Ce terme comprend toutes les formes de nutrition qui apportent l'alimentation directement au niveau de l'estomac ou du tube digestif, sans passer par la bouche, par le biais d'une sonde (tuyau en matière synthétique). Cette sonde peut être insérée par le nez (« sonde naso-gastrique », elle peut donc être retirée lorsque l'enfant n'en a pas besoin), ou bien par une « gastrostomie » (voir terme correspondant), orifice créé dans la paroi abdominale au niveau de l'estomac, permettant à une sonde (« sonde de gastrostomie ») d'être placée dans l'estomac directement au travers d'un « bouton ». 

Orthophonie

Grec :orthos = droit et phônê = voix.
Rééducation des troubles de l'élocution et du langage écrit et parlé.

Orthoptie

Profession para-médicale exercée par un auxiliaire médical, l'Orthoptiste. La vocation de l'orthoptiste est le dépistage, la rééducation, la réadaptation et l'exploration fonctionnelle des troubles de la vision.

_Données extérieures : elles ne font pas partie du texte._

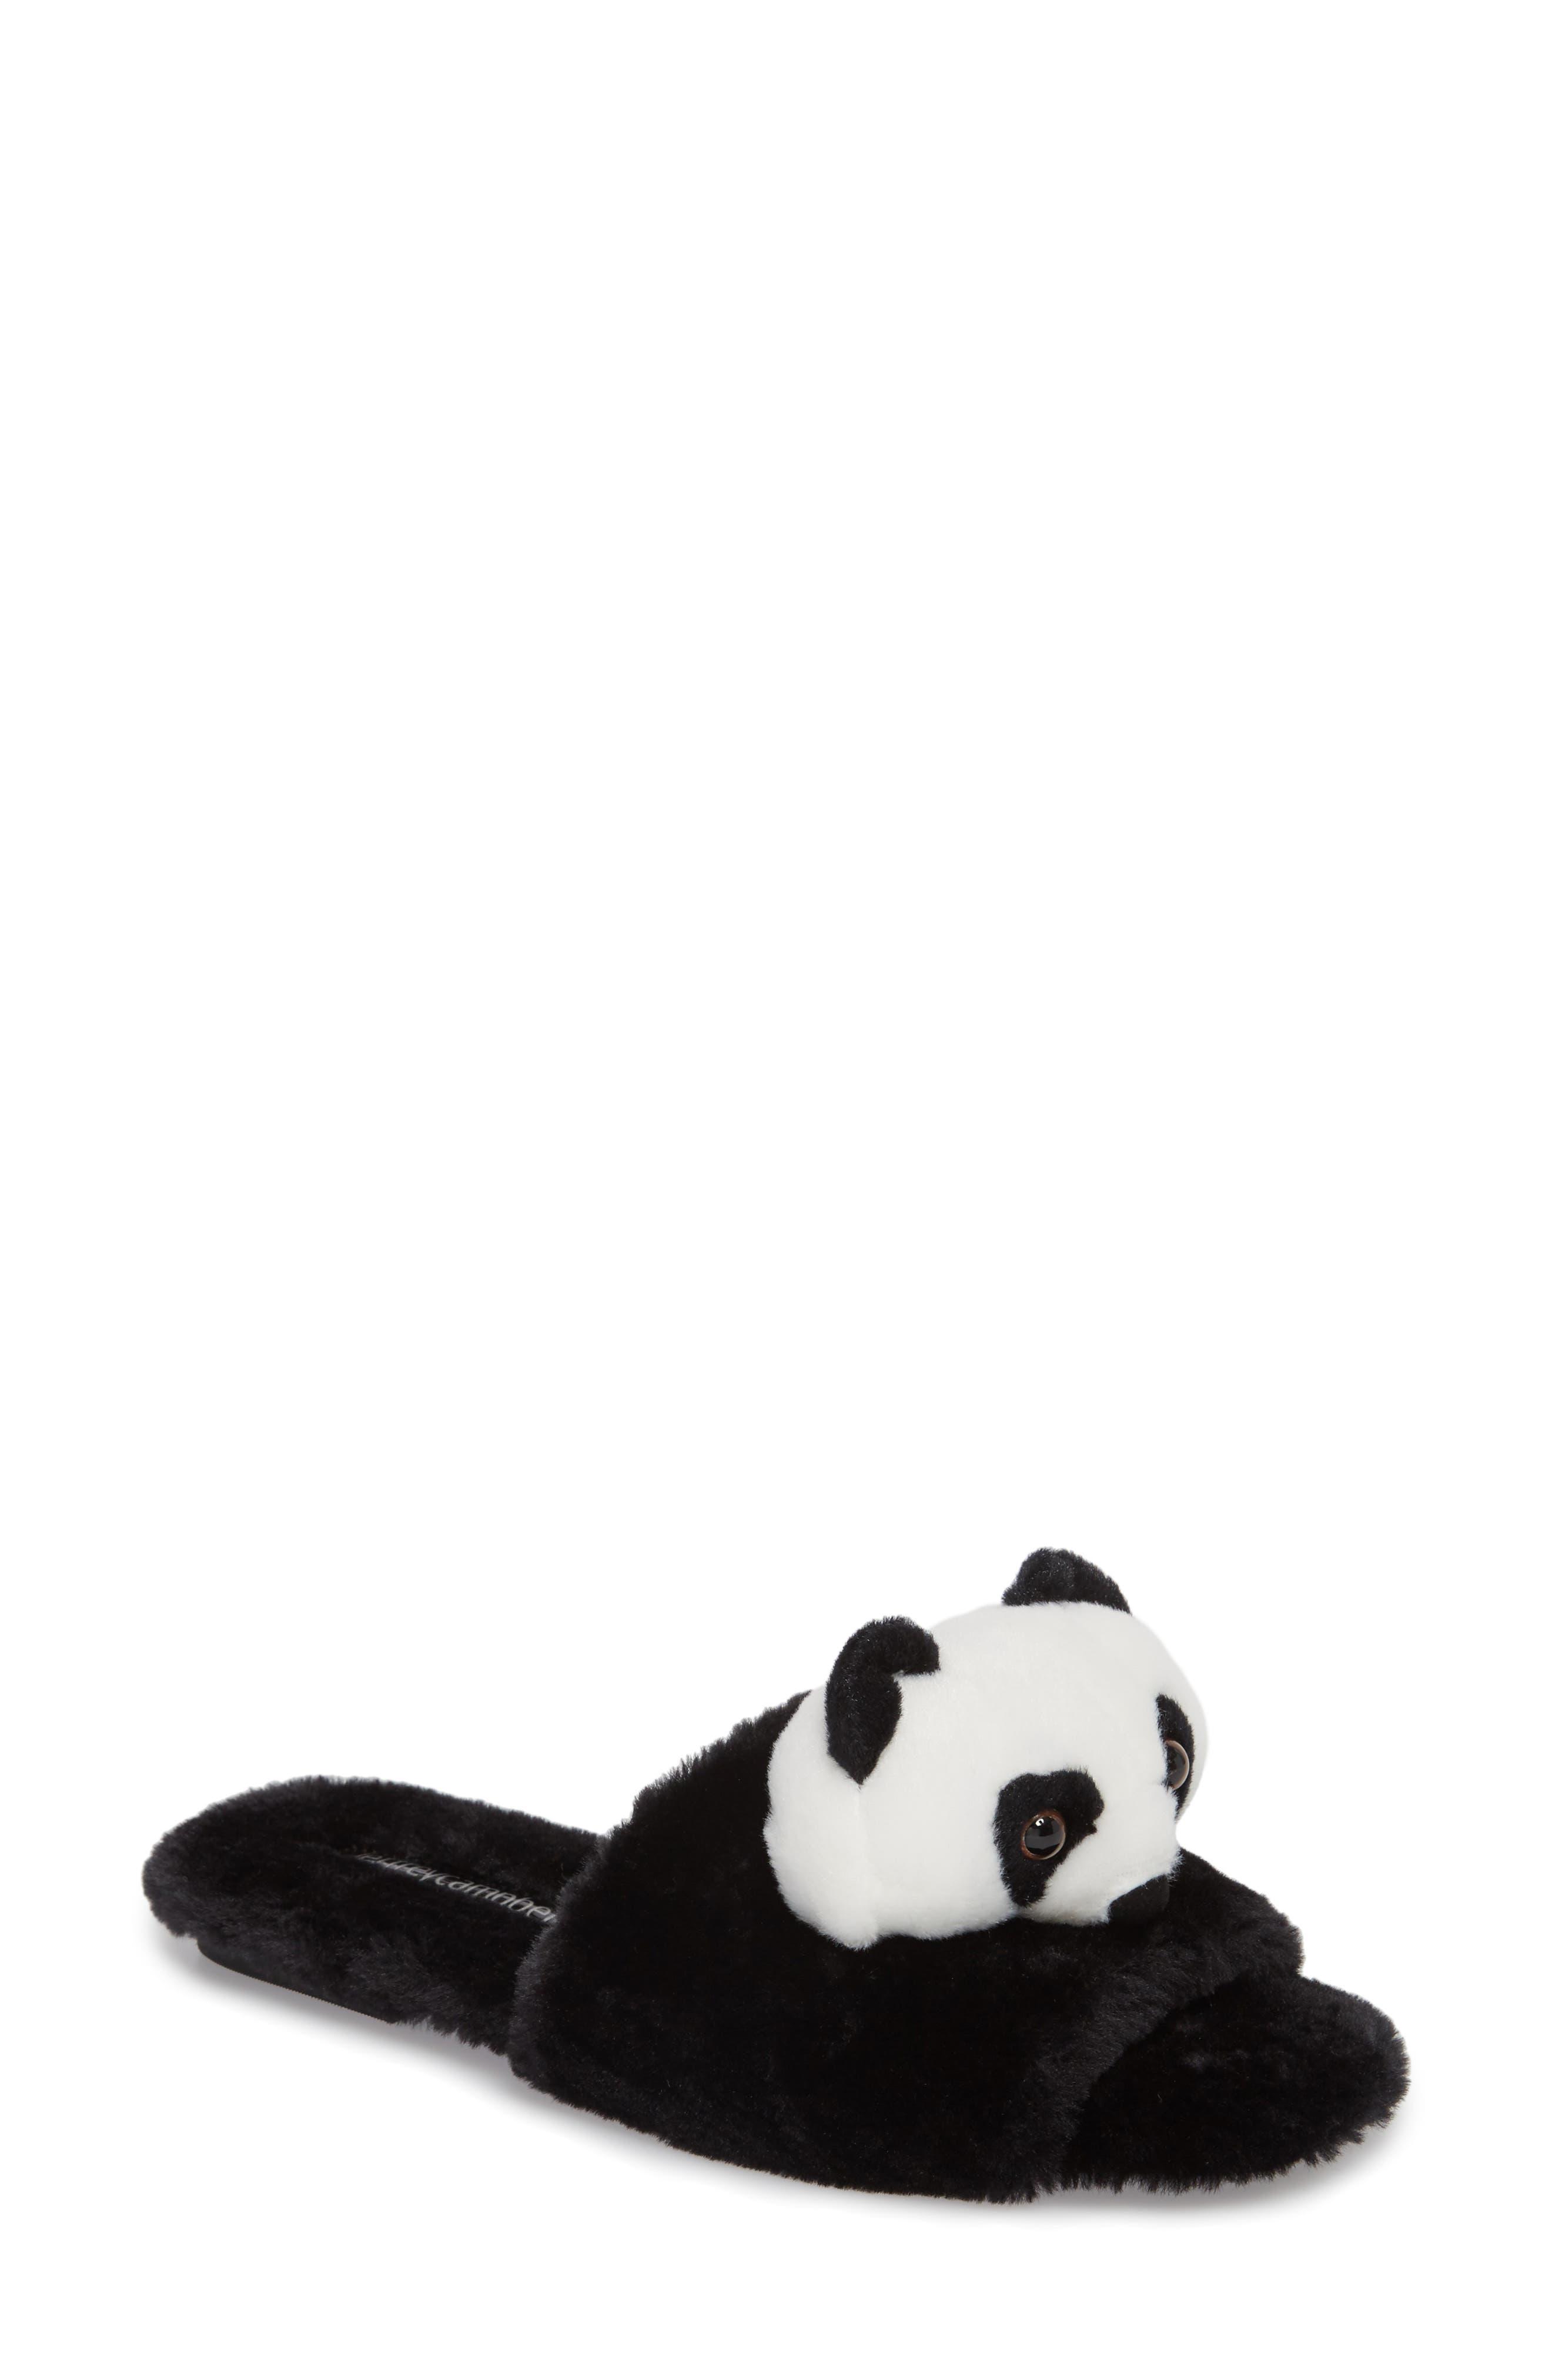 Plush Animal Slipper,                             Main thumbnail 1, color,                             Black Faux Fur
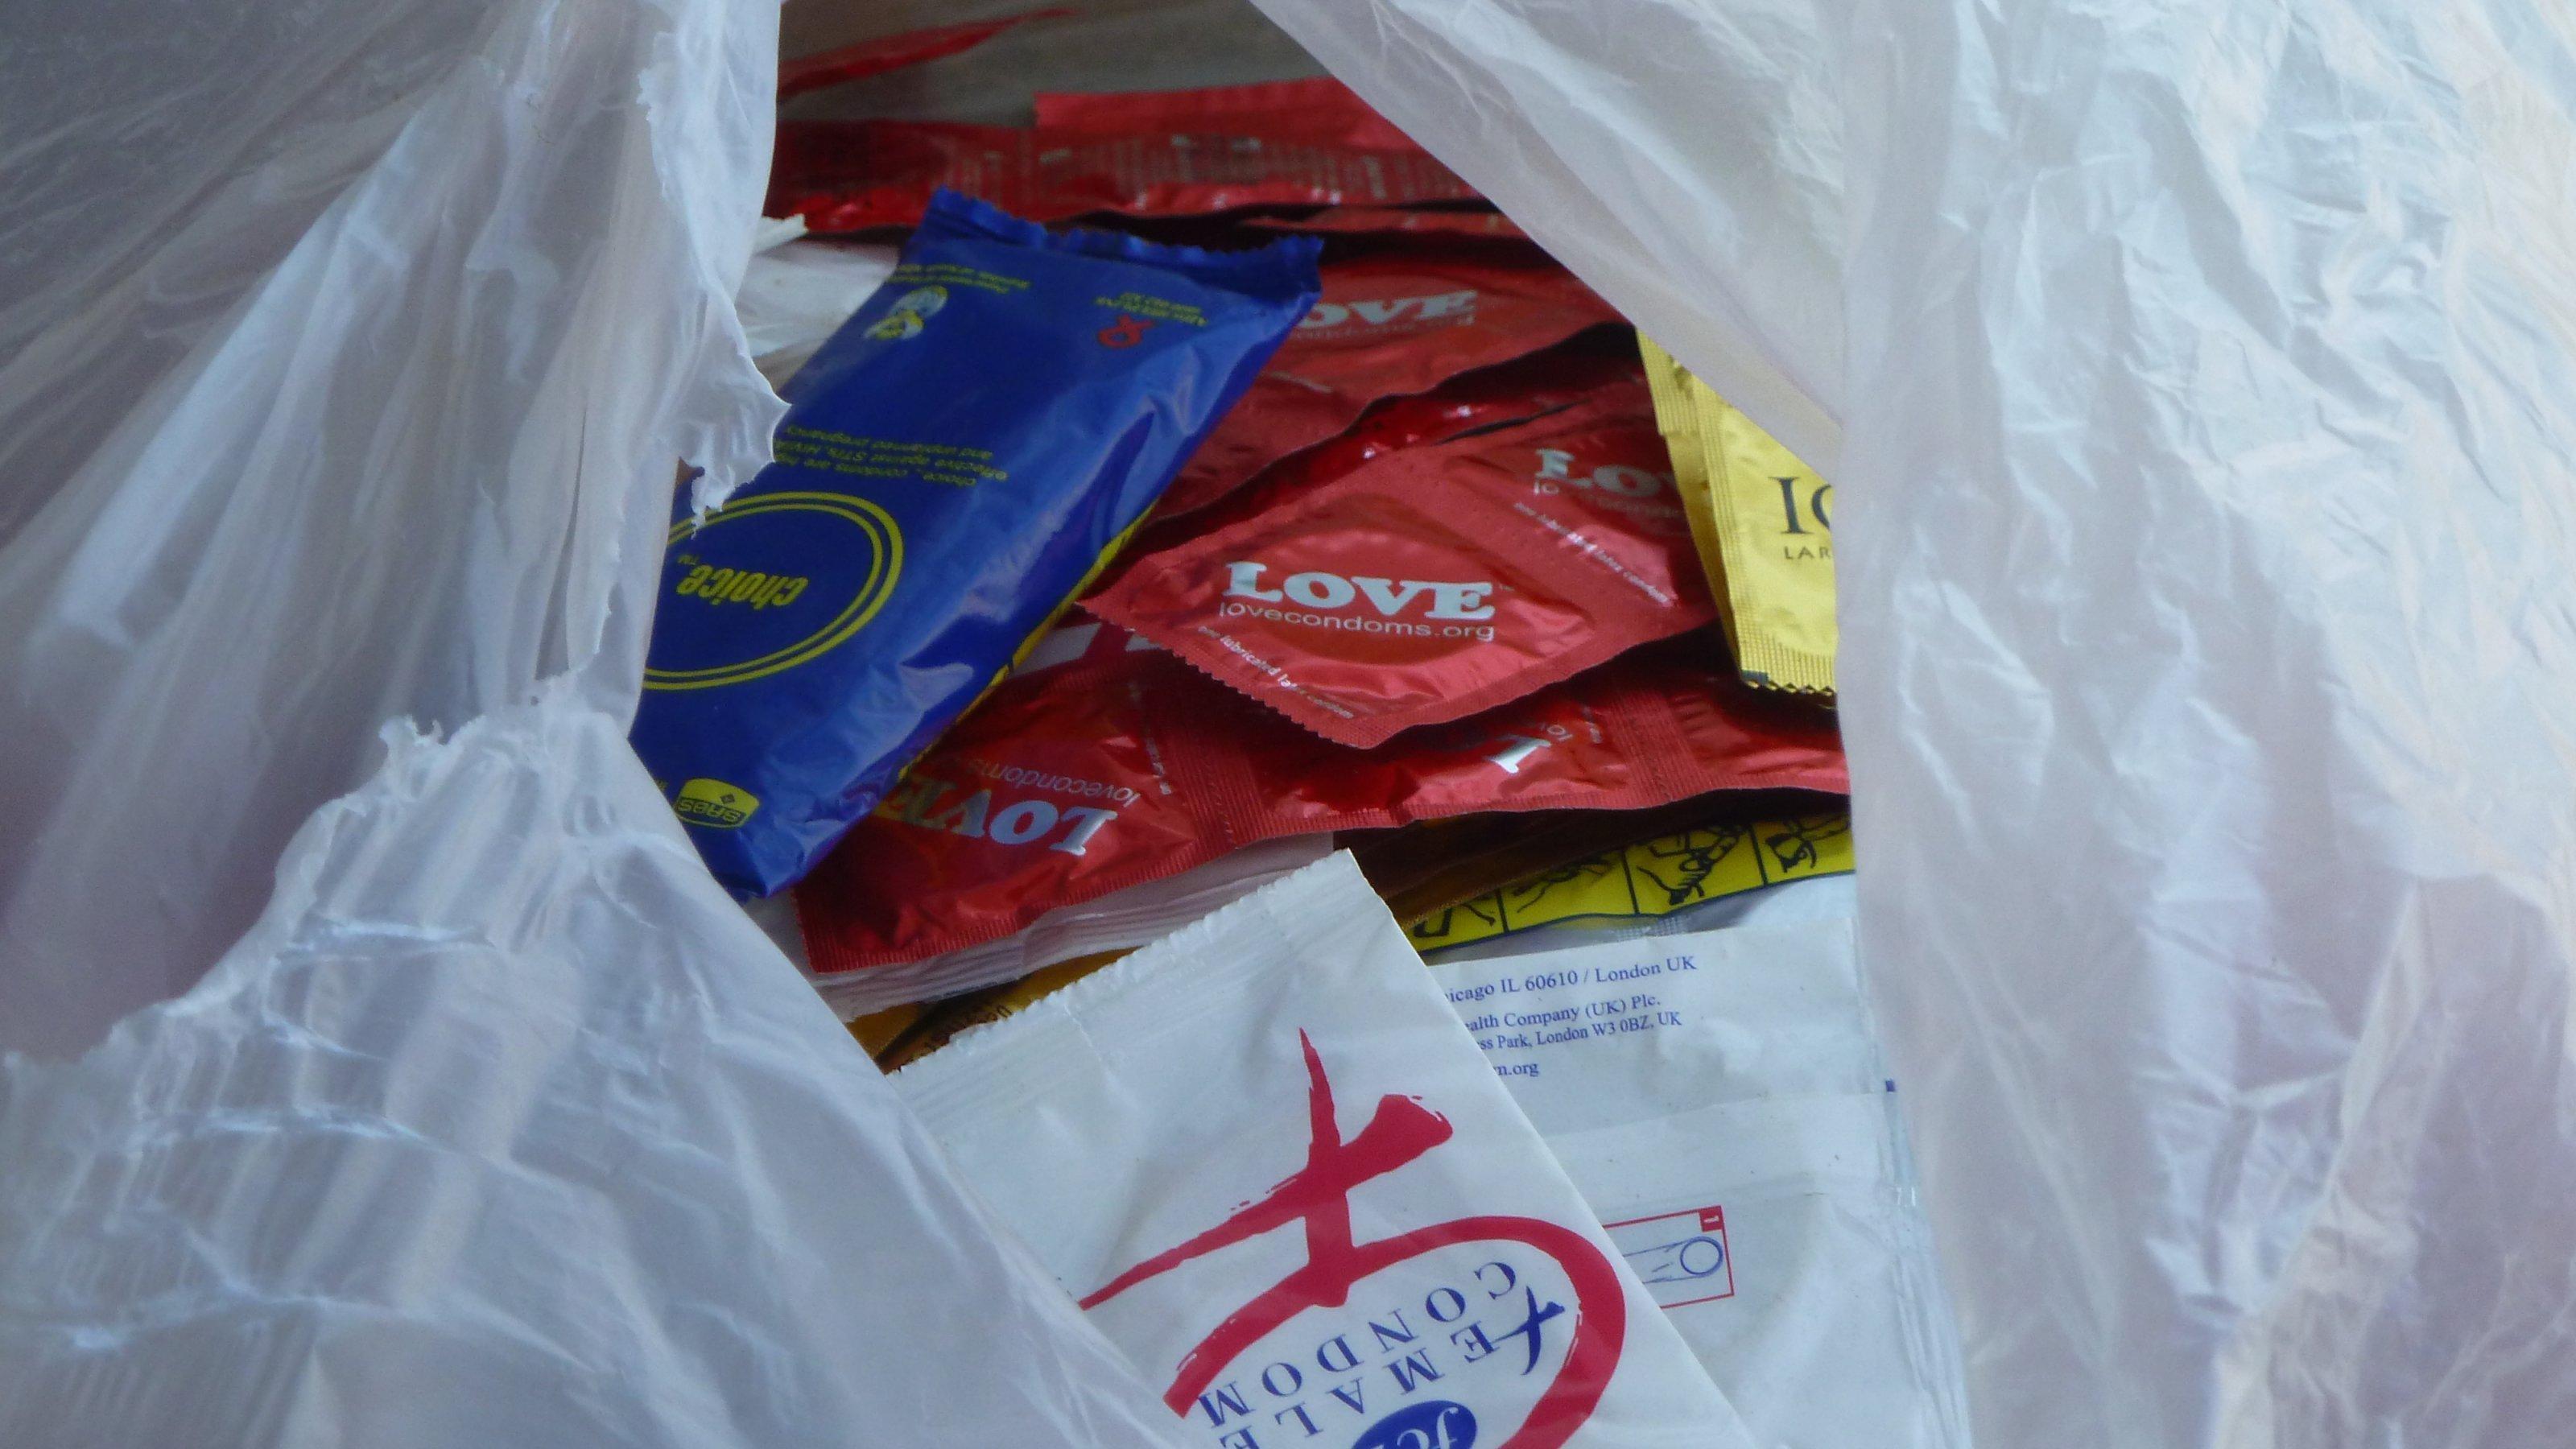 Zu sehen ist eine halb aufgerissene, weiße Tüte, in der Kondome in unterschiedlichen Verpackungen für die Verteilung bereitliegen.

Projet personnalisé de scolarisation (PPS)

Il organise la scolarité de l'enfant à l'école, au collège ou en établissement spécialisé. Il est élaboré par l'équipe pluridisciplinaire d'évaluation, validé par la CDA (Commission des droits et de l'autonomie), deux instances de la Maison départementale des personnes handicapées. Les professionnels qui accompagnent l'enfant dans sa scolarité mettent en œuvre ce projet en collaboration avec la famille.

Psychomotricité

Technique de rééducation qui fait appel aux facultés mentales et physiques du patient afin de l'aider à s'adapter ou à se réadapter à son environnement ; plus simplement, cette technique cherche à réconcilier corps et esprit pour vivre harmonieusement dans l'espace. Elle repose sur la relaxation et sur des techniques d'expressions variées qui sont réalisées à travers des jeux et des mobilisations.

Scoliose

Grec : skoliôsis = tortueux.
Déformation évolutive, dans les trois plans de l'espace, de tout ou partie de la colonne vertébrale. C'est une déformation de la colonne vertébrale. Au lieu d'être bien droite, la colonne vertébrale vrille (un peu comme un torchon que l'on tord pour essorer : tout d'abord le torchon est droit, mais si l'on tord plus, il se vrille comme un tire-bouchon). Par ailleurs, les côtes s'articulant avec la colonne vertébrale, la scoliose provoque une rotation également des côtes. Cela se traduit par une malformation de la cage thoracique (la fameuse bosse du bossu de Notre-Dame) qui, dans les cas extrêmes, peut gêner les mouvements de la respiration. Une scoliose est rarement présente dès la naissance et s'aggrave lors des phases de forte croissance comme l'adolescence.

Sonde naso-gastrique

La sonde naso-gastrique est un tuyau en matière synthétique, posée au niveau du nez et dont l'extrémitée est au niveau de l'estomac.
Elle est utilisée
- soit pour vider l'estomac, en cas de problème digestif important (comme une occlusion par exemple),
- soit pour alimenter le sujet lorsque la voie orale est contre-indiquée ou n'est pas suffisante. (voir glossaire : "Nutrition entérale")

Sub-normal

Ce terme qualifie un résultat se situant dans les valeurs normales (entre -2 et +2 DS de la courbe gaussienne du groupe des sujets contrôles sains pour un test donné), mais dans les valeurs basses de la normale. Ainsi certaines maladies génétiques peuvent avoir pour conséquence un quotient intellectuel normal pour un sujet atteint donné, mais si l'on considère la moyenne des résultats des sujets atteints, cette moyenne peut se situer dans les valeurs normales, mais être plus basse que la moyenne des sujets contrôles sains. 

Syndrome CHARGE

Acronyme anglais : Coloboma, Heart defects, Atresia choanae, Retardation of growth and development, Genitourinary problems, Ear abnormalities).